=== Required action ===
Return each line of the entries that mentions the word "Manual".

=== Study material ===
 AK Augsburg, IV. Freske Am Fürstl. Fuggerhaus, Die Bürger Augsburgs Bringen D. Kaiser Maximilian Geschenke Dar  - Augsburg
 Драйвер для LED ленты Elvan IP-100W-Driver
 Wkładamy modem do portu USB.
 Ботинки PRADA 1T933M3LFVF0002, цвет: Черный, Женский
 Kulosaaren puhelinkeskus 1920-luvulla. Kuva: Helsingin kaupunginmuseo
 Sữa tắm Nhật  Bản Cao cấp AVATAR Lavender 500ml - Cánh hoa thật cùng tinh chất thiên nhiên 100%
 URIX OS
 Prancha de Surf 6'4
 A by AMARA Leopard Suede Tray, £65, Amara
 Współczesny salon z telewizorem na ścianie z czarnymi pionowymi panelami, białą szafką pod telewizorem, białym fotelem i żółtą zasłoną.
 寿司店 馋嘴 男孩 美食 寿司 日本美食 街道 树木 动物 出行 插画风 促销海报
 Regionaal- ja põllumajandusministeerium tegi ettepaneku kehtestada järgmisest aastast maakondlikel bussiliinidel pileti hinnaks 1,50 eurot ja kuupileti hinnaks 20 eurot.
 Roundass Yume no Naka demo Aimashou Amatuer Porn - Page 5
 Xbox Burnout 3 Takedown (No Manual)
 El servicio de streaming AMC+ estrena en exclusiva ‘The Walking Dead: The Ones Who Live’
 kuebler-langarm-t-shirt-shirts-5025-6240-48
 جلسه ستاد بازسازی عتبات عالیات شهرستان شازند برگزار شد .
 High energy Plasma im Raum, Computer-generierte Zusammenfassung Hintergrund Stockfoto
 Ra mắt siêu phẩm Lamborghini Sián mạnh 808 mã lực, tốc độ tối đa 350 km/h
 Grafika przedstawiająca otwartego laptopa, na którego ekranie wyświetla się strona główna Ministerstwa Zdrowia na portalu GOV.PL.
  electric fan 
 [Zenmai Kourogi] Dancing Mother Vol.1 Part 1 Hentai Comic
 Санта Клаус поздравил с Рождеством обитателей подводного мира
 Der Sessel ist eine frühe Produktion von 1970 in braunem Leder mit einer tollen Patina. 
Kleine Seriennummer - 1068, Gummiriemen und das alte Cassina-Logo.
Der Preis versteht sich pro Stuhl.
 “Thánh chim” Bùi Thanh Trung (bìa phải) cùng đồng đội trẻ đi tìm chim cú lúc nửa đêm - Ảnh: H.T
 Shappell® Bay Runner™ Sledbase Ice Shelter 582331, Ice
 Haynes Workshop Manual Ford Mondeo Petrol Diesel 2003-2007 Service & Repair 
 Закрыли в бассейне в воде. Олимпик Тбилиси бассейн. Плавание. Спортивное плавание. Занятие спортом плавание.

=== Written response ===
 Xbox Burnout 3 Takedown (No Manual)
 Haynes Workshop Manual Ford Mondeo Petrol Diesel 2003-2007 Service & Repair 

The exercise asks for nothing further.